A month or so back, Gov. Mark Sanford (SC) was working on burnishing his party bones by sounding off on bailouts and fiscal stimulus:
South Carolina’s Gov. Sanford is resisting the urge to propose or accept raising taxes. Faced with a shortfall, Gov. Sanford reconvened the state Legislature in October, and it made $488 million in targeted budget cuts.
Gov. Sanford, unlike most of his colleagues, speaks out against any federal bailouts, including a fiscal stimulus bill that is likely to include state aid. “When times go south you cut spending,” Gov. Sanford said. “That’s what families do, that’s what businesses do, and I don’t think the government should be exempt from that process.”
But in the midst of the largest financial crisis in decades, Gov. Sanford said he wouldn’t be surprised if the Republican governors who do raise taxes get a pass with voters. “There’s enough confusion and, frankly, fear out there with regard to what’s happening to the economy…that they’re really not going to watch some fee or some relatively incidental tax” that rises, he said.
Notwithstanding the Governor’s demonstration that he hasn’t a clue of the difference between micro and macro economics, he also wrote an op-ed for the WSJ Don’t Bail Out My State.

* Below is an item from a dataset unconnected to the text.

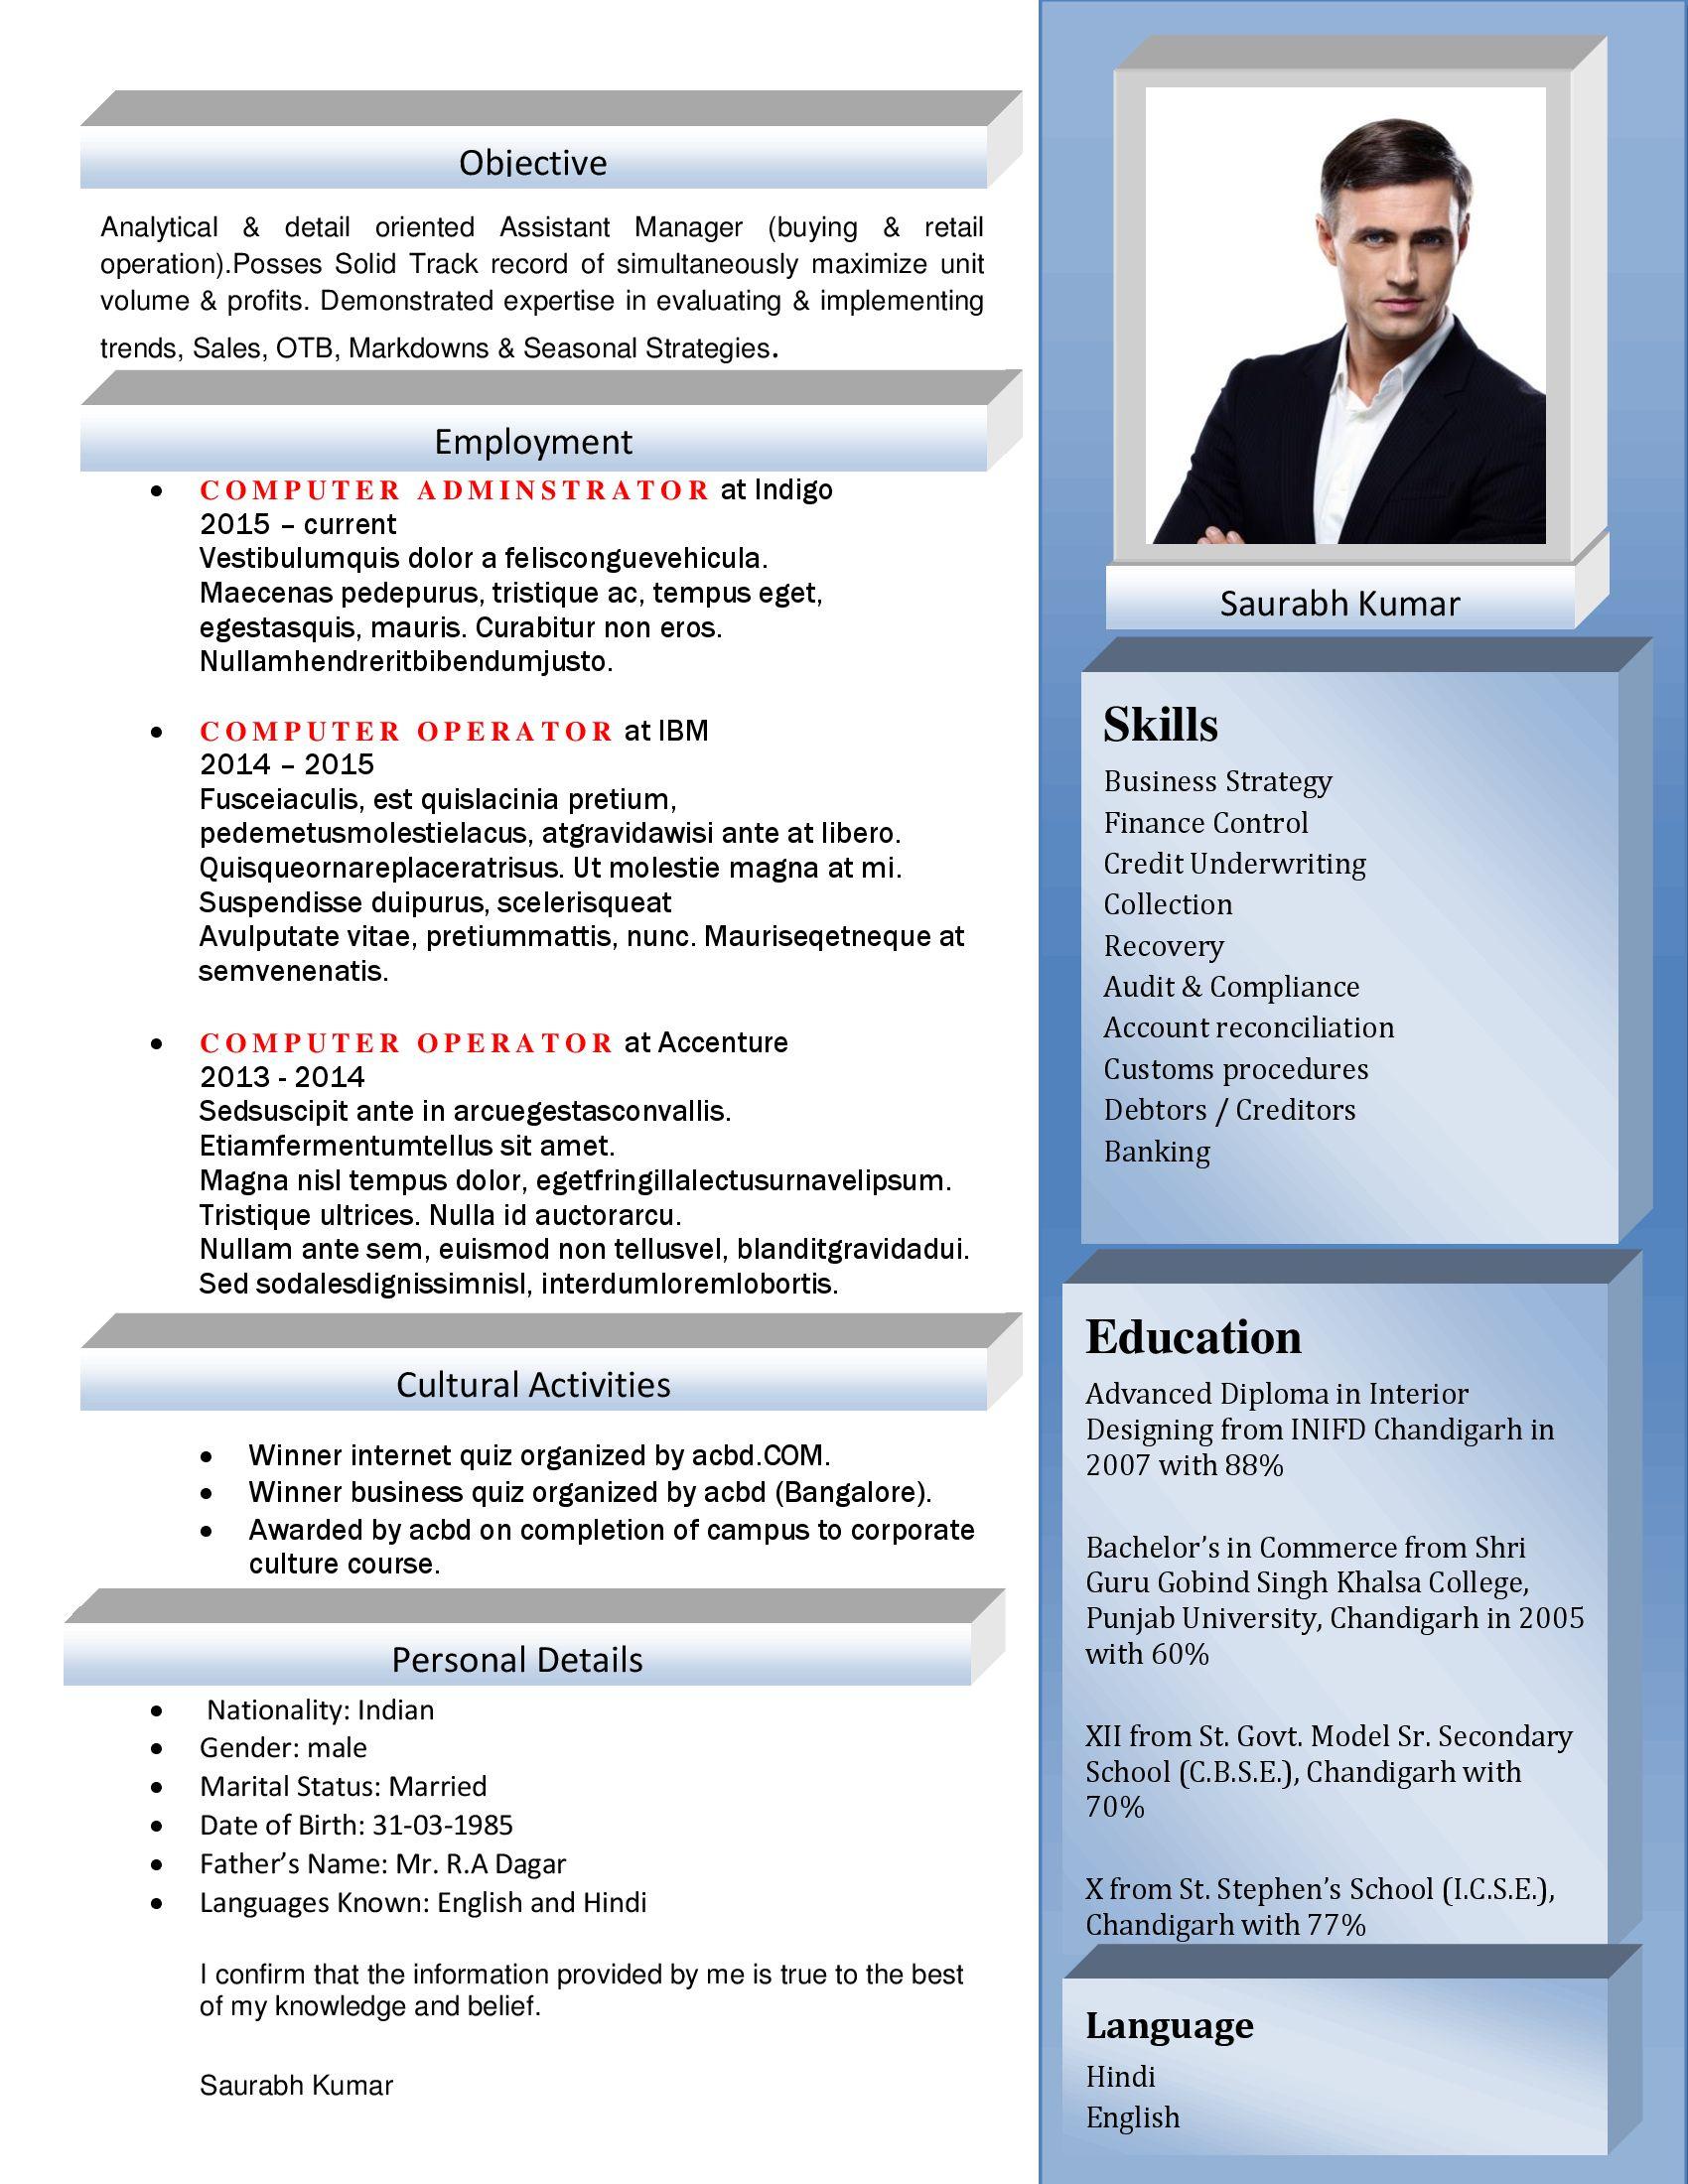 Seo Executive Resume Seo Executive Resume Format Seo Executive Resume Sample Best Resume Template Resume Best Resume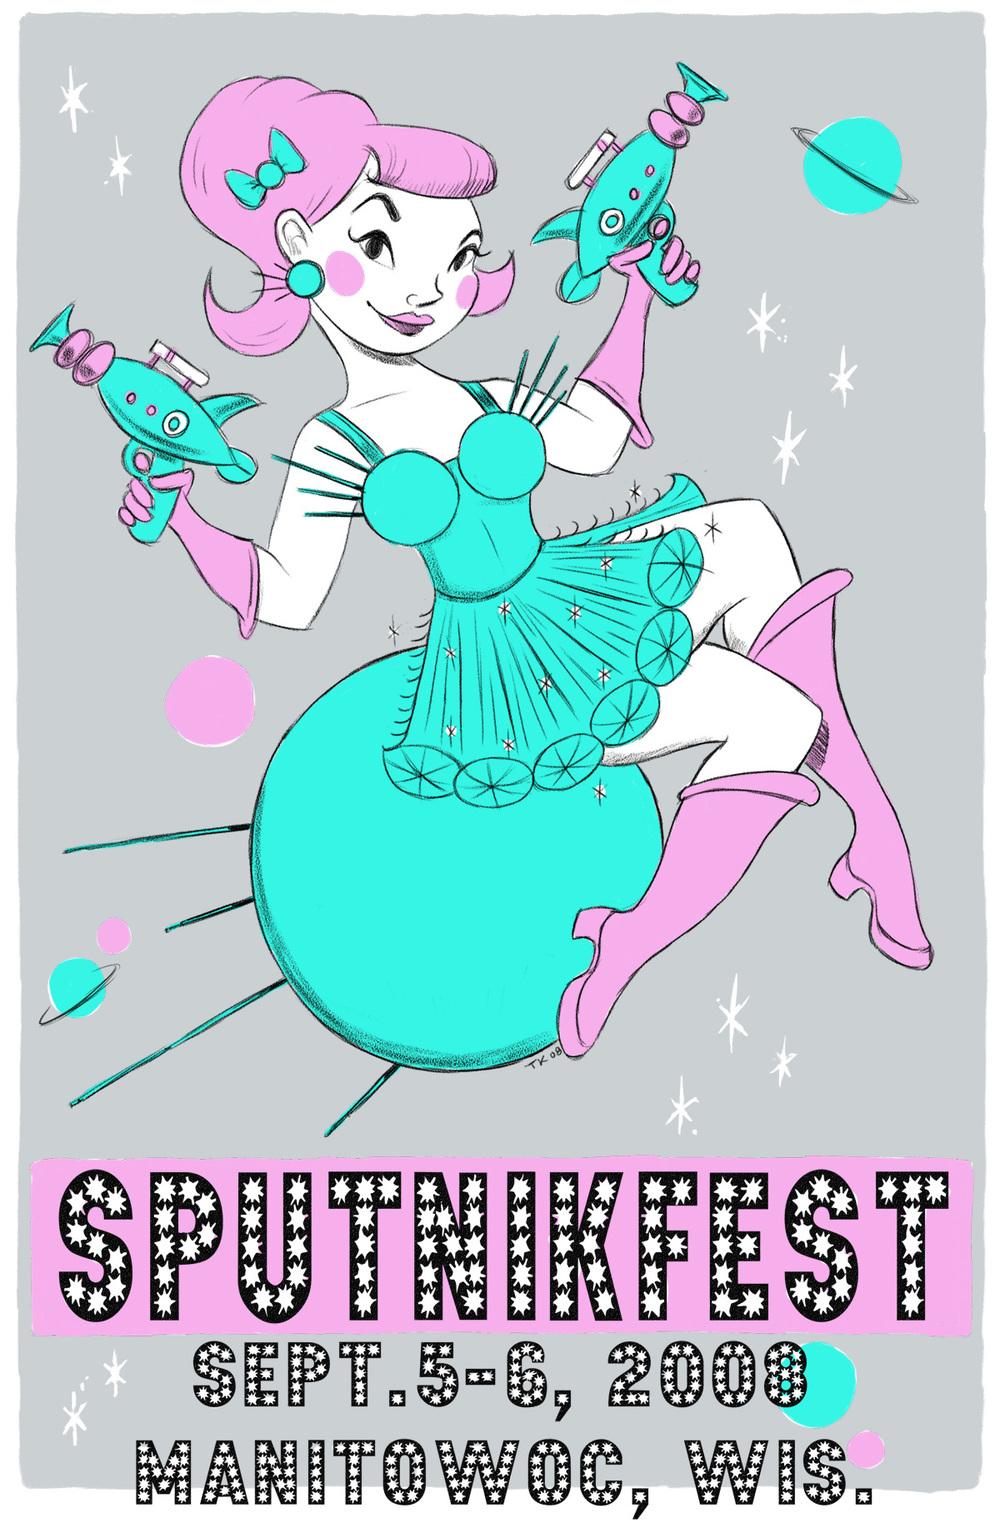 First Sputnikfest Teaser Poster 2008

But in the face of South Carolina’s unemployment funds running out, he’s been forced to ask for federal funds to cover unemployment benefits in a state with the nation’s third largest unemployment rate. The Governor has contrived a story designed to cast doubt on the agency that disburses the funds — even though the agency undergoes routine audits and the BLS says that the agency calculates its unemployment stats the way everyone else does.
There’s going to be alot of this in the future — as ideology (failed in the most part already) runs into the real world’s economic state.